Generic: Potassium iodide 10% and iodine 5% (8 mL)
Generic: Potassium iodide 10% and iodine 5% (14 mL, 473 mL)
Generic: Potassium iodide 5% and iodine 7% (30 mL, 480 mL)
- Antiseptic, Topical
- Antithyroid Agent
In hyperthyroidism, iodine temporarily inhibits thyroid hormone synthesis and secretion into the circulation; use also decreases thyroid gland size and vascularity. Serum T4 and T3 concentrations can be reduced for several weeks with use but effect will not be maintained.
Following radioactive iodine exposure, potassium iodide blocks uptake of radioiodine by the thyroid, reducing the risk of thyroid cancer.
Onset of Action
Hyperthyroidism: 24-48 hours; Peak effect: 10-15 days after continuous therapy
Use: Labeled Indications
Antiseptic: Topical antiseptic
Off Label Uses
Based on the American Thyroid Association and American Association of Clinical Endocrinologists guidelines for the management of hyperthyroidism and other causes of thyrotoxicosis, potassium iodide and iodine is recommended in the immediate preoperative period in patients with Graves’ disease undergoing thyroidectomy to reduce thyroid blood flow, vascularity, and intraoperative blood loss.
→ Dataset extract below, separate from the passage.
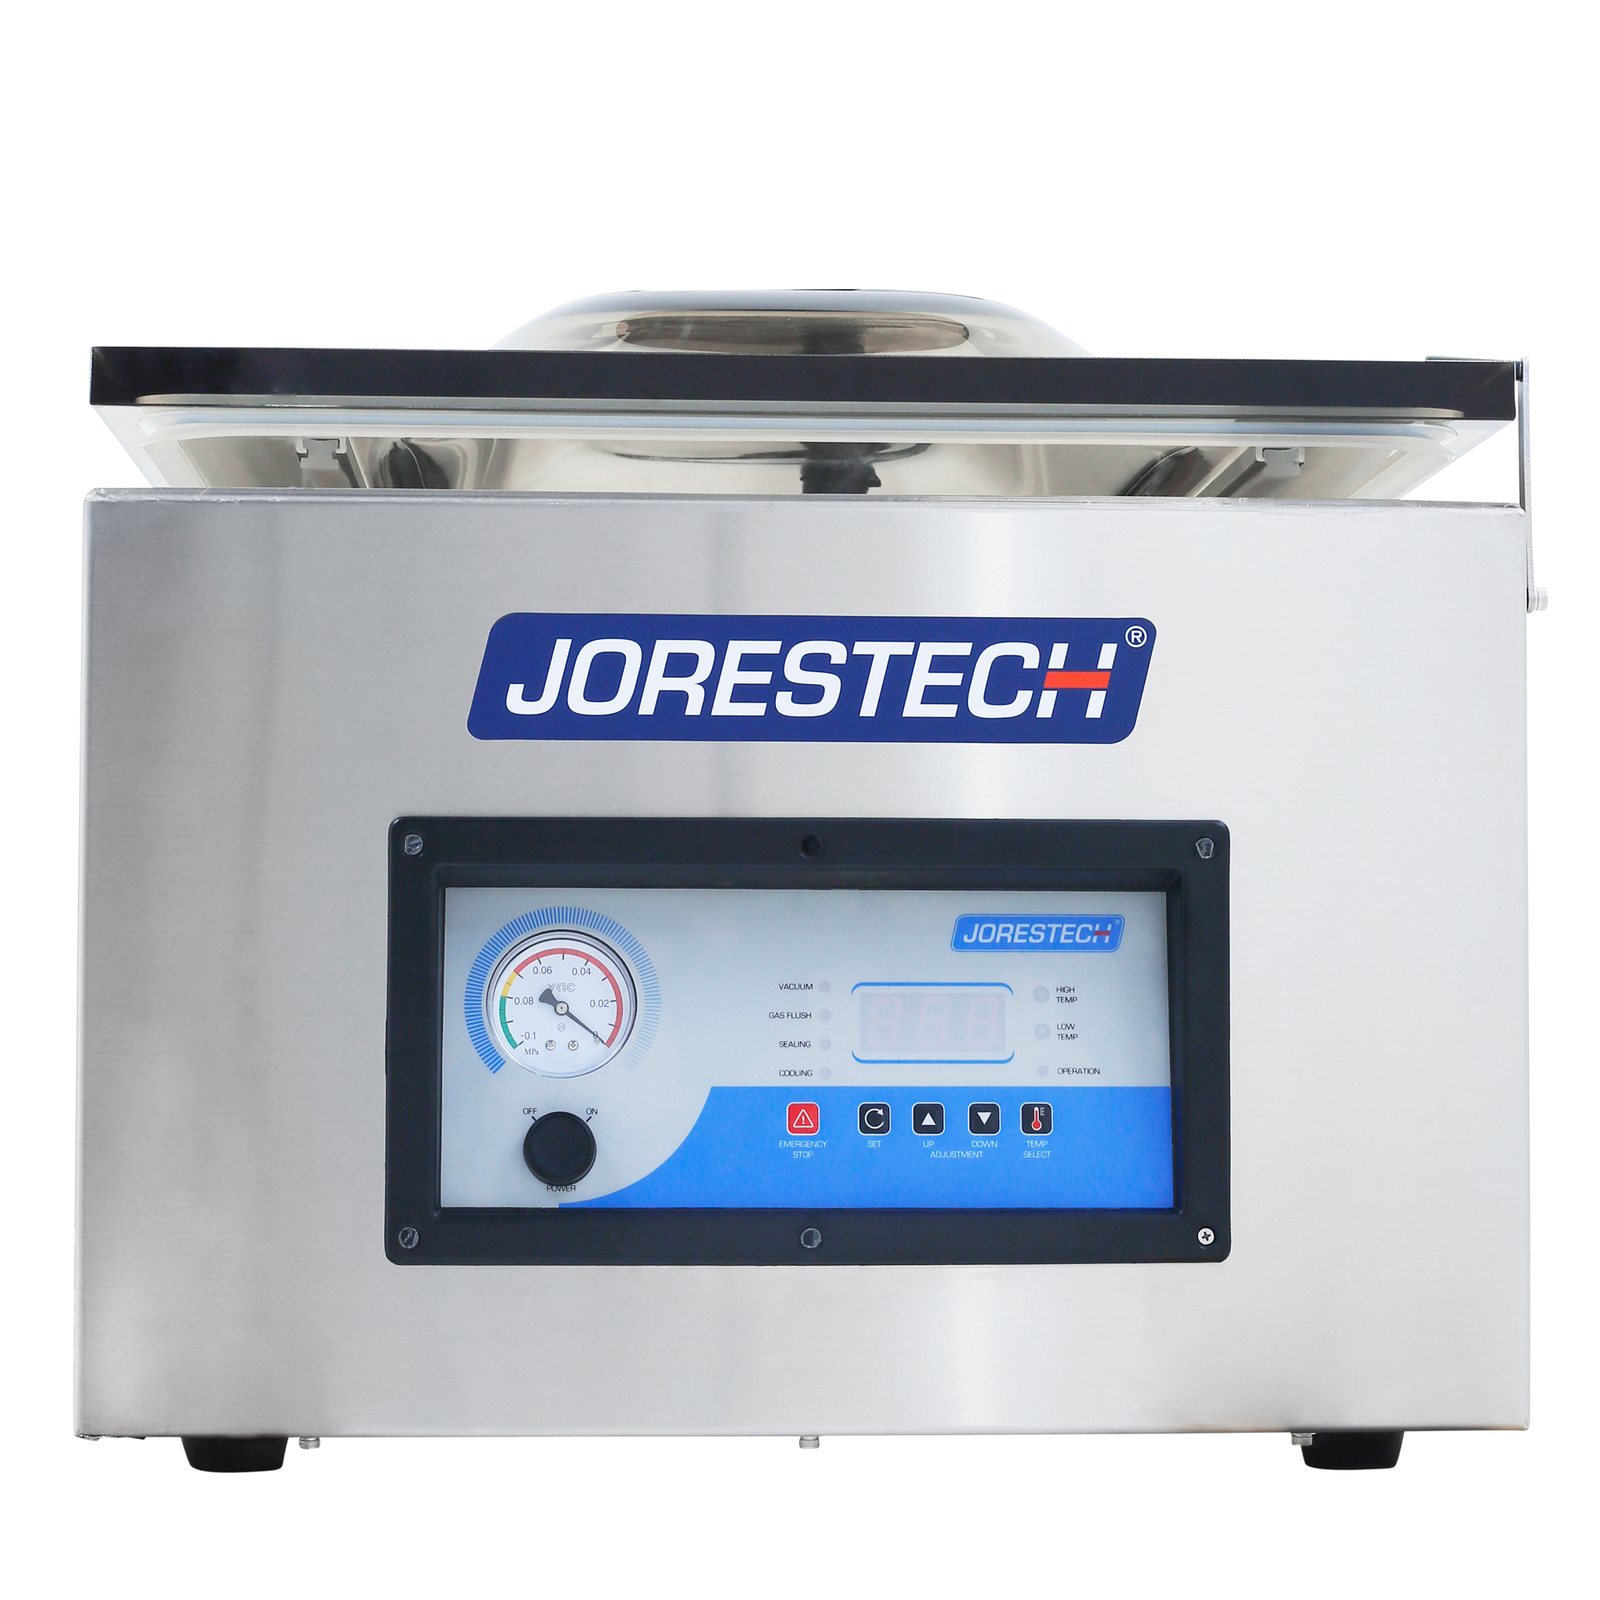 Front of the stainless steal JORES TECHNOLOGIES® tabletop commercial single chamber vacuum sealer with dual seal. The lid of the vacuum sealer is closed with the holding bracket

Iodine therapy is not recommended in the preoperative setting in patients with thyrotoxicosis caused by a toxic adenoma or toxic multinodular goiter due to the risk of exacerbating hyperthyroidism.
Thyroid gland protection during radiopharmaceutical use
Based on the European Association of Nuclear Medicine (EANM) procedure guidelines for 131 I-meta-iodobenzylguanidine (131 I-mIBG) therapy, potassium iodide and iodine is effective and recommended for thyroid gland protection during radiopharmaceutical use.
Thyrotoxic crisis/thyroid storm (adults)
Clinical experience suggests the utility of potassium iodide and iodine following the initial dose of either propylthiouracil or methimazole in the management of adults experiencing thyrotoxic crisis [Nayak 2006]. Additional data may be necessary to further define the role of potassium iodide and iodine in the management of this condition.
Based on the American Thyroid Association and American Association of Clinical Endocrinologists guidelines for the management of hyperthyroidism and other causes of thyrotoxicosis, potassium iodide and iodine (Lugol’s solution) is an acceptable alternative to saturated solution of potassium iodide (SSKI) in the management of adults with thyrotoxic crisis/thyroid storm.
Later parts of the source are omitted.